Research Theme: Decision Making with Belief Functions








Credal semantics of Bayesian transformations
Game-theoretical semantics of epistemic transformations
Decision making with generalized k-additive pignistic transforms
A credal representation of the interval probability associated with a belief function can be proposed. It relates to several classical Bayesian transformations of BFs through the notion of 'focus' of a pair of simplices. While a belief function corresponds to a polytope of probabilities consistent with it, the related interval probability is geometrically represented by a pair of upper and lower simplices. Starting from the interpretation of the pignistic function as the center of mass of the credal set of consistent probabilities, we prove that the relative belief of singletons, the relative plausibility of singletons, and the intersection probability can all be described as the foci of different pairs of simplices in the region of all probability measures. The formulation of frameworks similar to the transferable belief model for such Bayesian transformations appears then at hand.

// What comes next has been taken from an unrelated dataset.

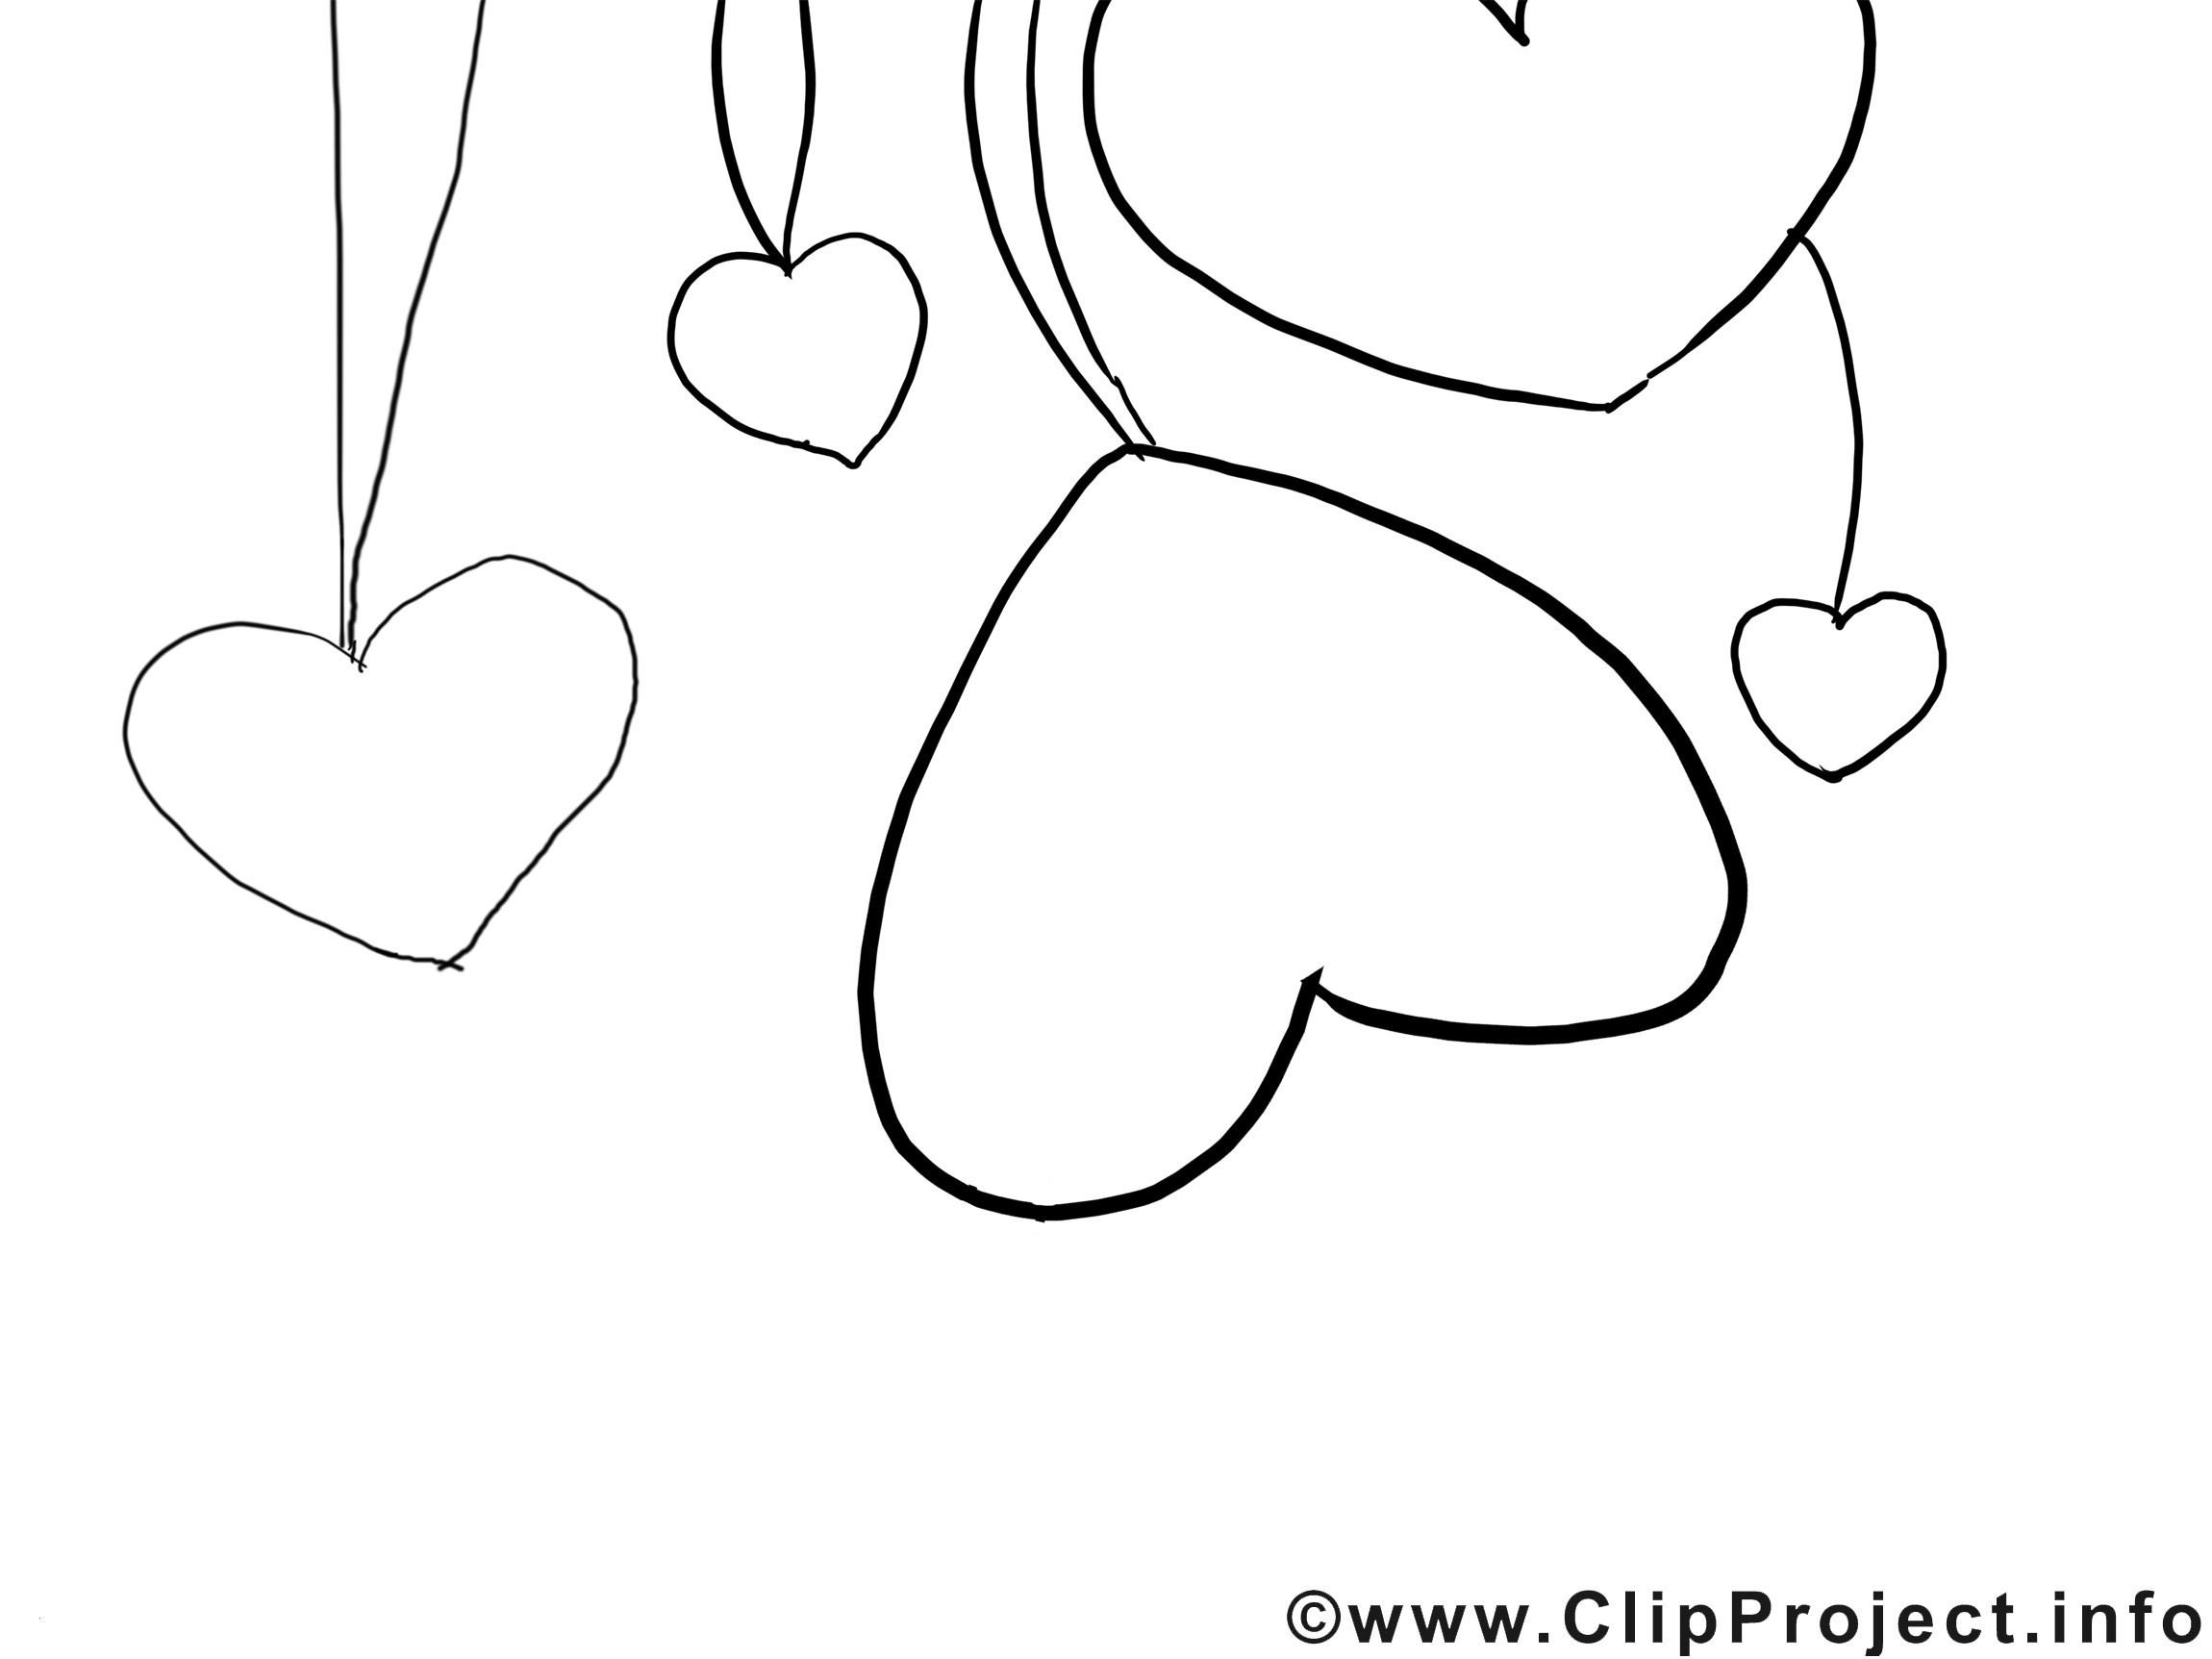 Ausmalbilder Mandala Herzen Inspirierend Ausmalbilder Von Herzen Schön Rio Ausmalbilder Neu Bugatti White Stock

Probability transformations of the epistemic family possess natural rationales within Shafer's formulation of the theory of evidence, while they are not consistent with the credal or probability-bound semantic of belief functions. We can prove, however, that these transforms can be given in this latter case an interesting rationale in terms of optimal strategies in a non-cooperative game. In particular, they can be seen as tools to provide optimal conservative strategies in a maximin/minimax 2-person game scenario derived from Wald's model, in which a player has to optimize their minimal expected gain/maximal expected loss under epistemic uncertainty in the form of a belief function.
Inspired by the classical results by Jaffray on the credal set of probability measures dominating any given belief function, we considered the dominance properties of the set of the pignistic k-additive belief functions, i.e., BFs with focal elements of cardinality up to k.
We started by conjecturing the shape of the polytope of all the k-additive belief functions dominating a given belief function.
Under such conjecture, we computed the analytical form of the barycenter of the polytope of k-additive dominating belief functions, and we studied the location of the pignistic k-additive belief functions with respect to this polytope and its barycenter.